WORK INSTRUCTION: Starting with the line that has "oraz wybranych oddziałów" in the records below and ending with the line that has "Pre-owned Authentic Louis", output those lines exactly and nothing more; omit the pictures.

MATERIAL FOR THIS EXERCISE:
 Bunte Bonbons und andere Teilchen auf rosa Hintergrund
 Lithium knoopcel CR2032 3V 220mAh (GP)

--

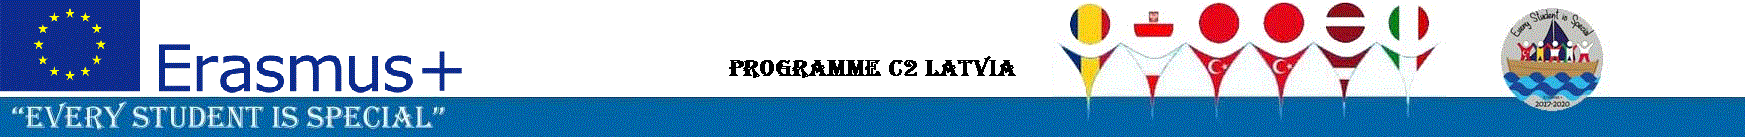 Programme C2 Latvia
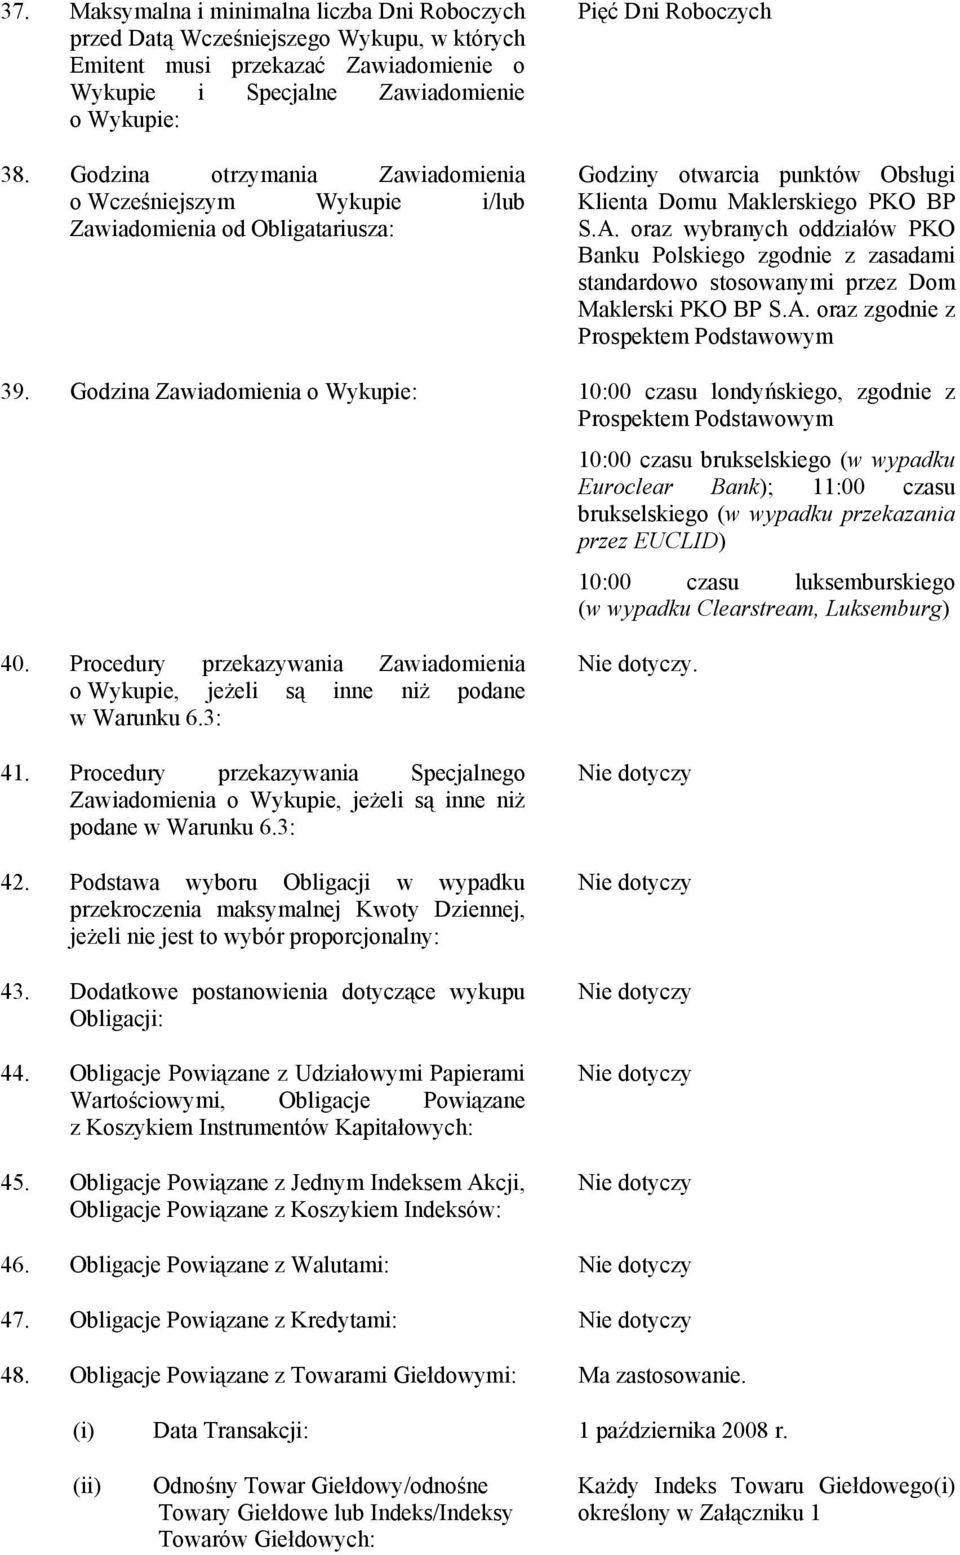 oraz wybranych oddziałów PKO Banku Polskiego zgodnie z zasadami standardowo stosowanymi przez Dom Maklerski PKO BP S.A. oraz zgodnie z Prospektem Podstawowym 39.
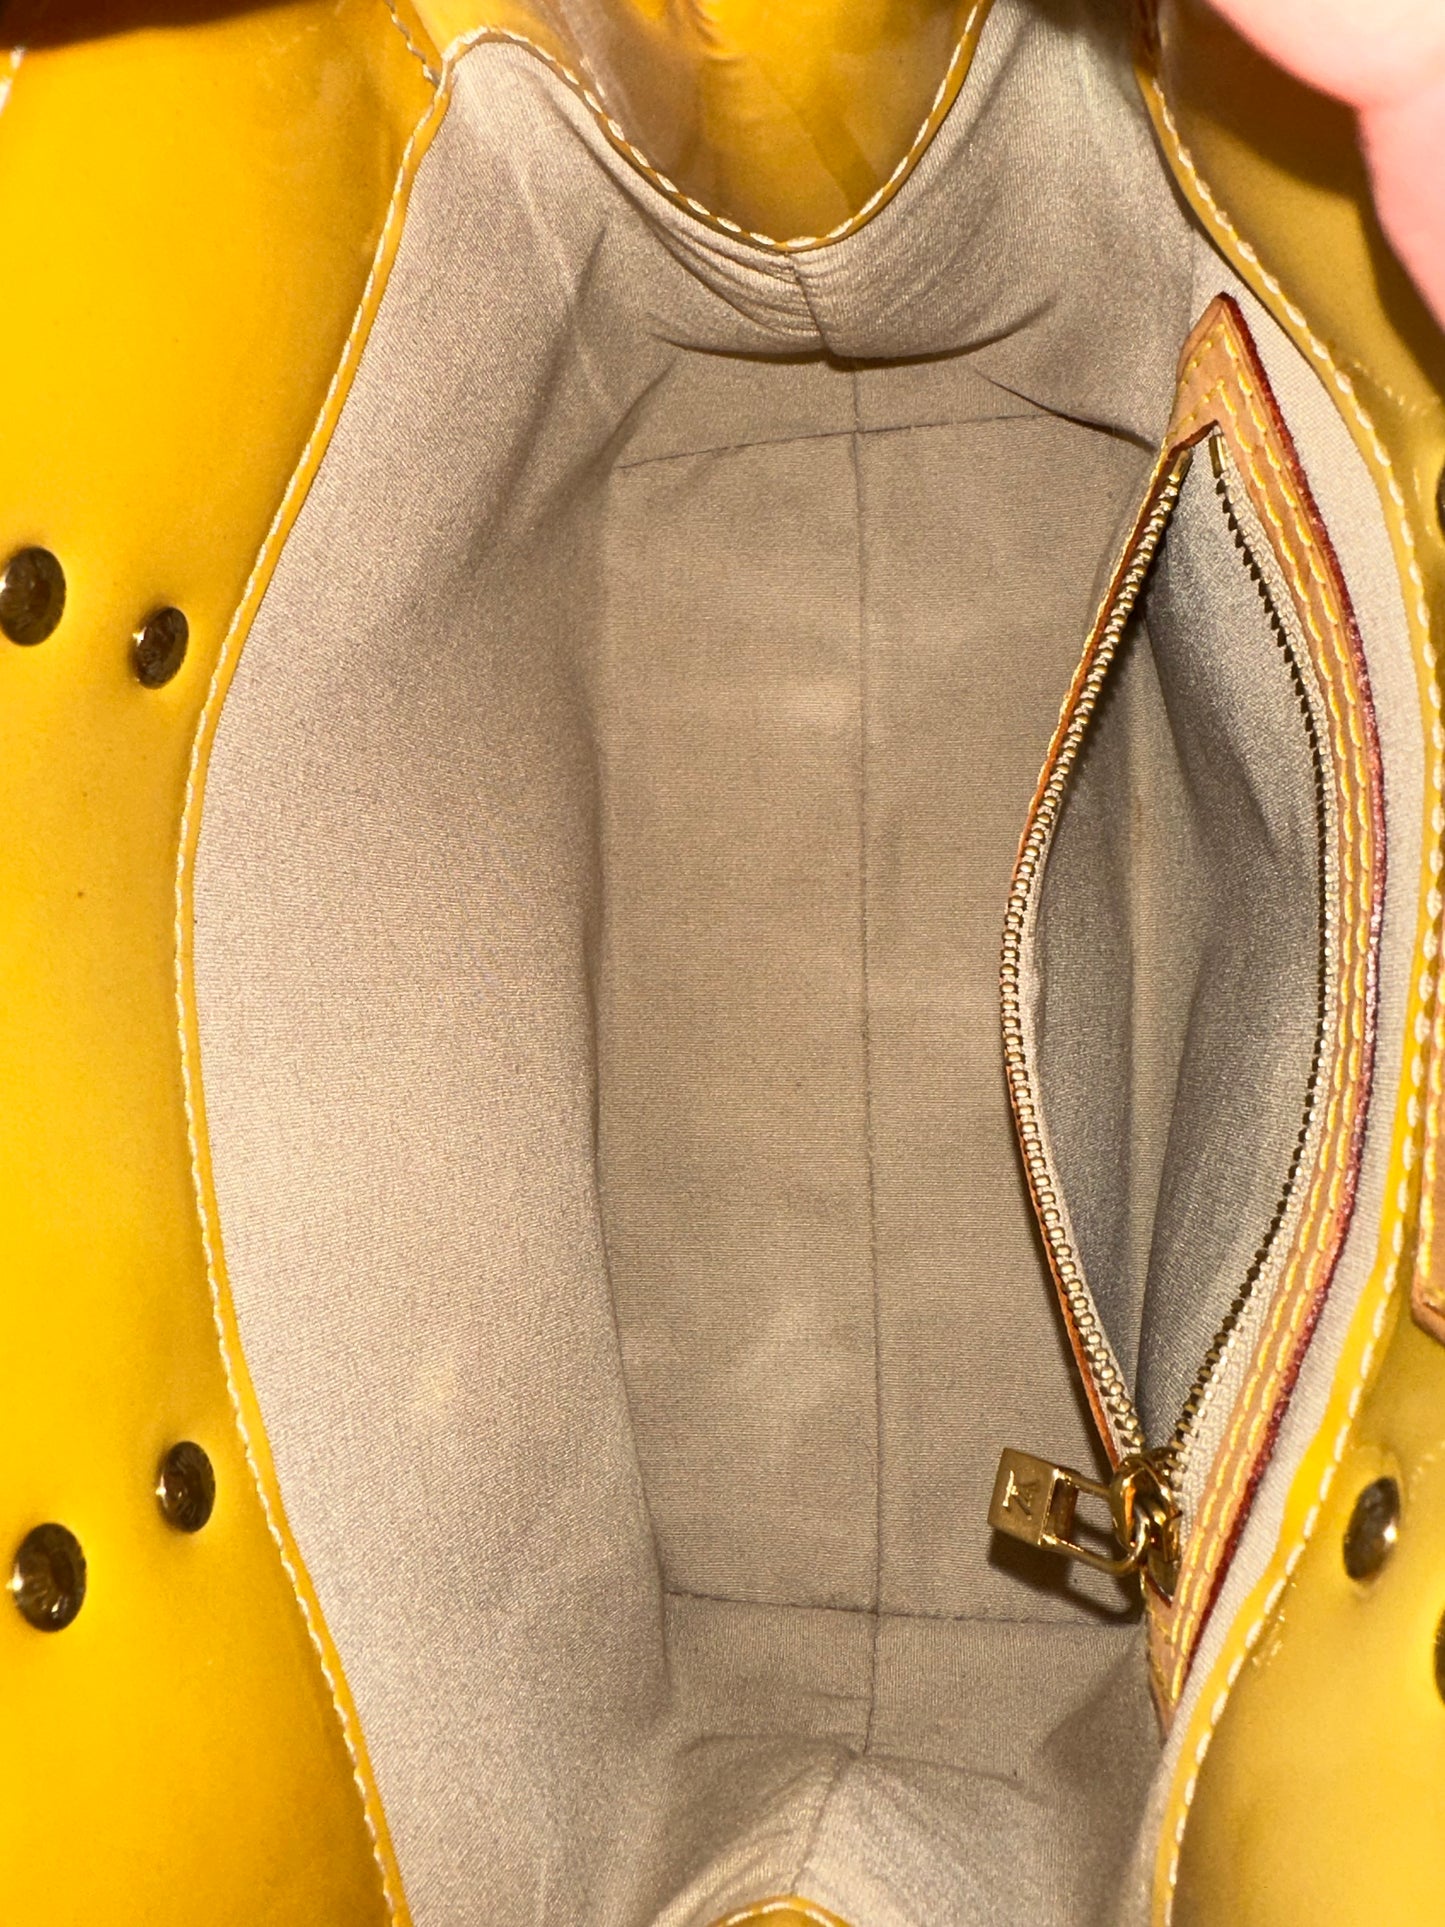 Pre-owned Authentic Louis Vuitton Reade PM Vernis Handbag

SOLUTION FOR THIS PROBLEM:
 oraz wybranych oddziałów PKO Banku Polskiego zgodnie z zasadami standardowo stosowanymi przez Dom Maklerski PKO BP S.A. oraz zgodnie z Prospektem Podstawowym 39.
 Pre-owned Authentic Louis Vuitton Reade PM Vernis Handbag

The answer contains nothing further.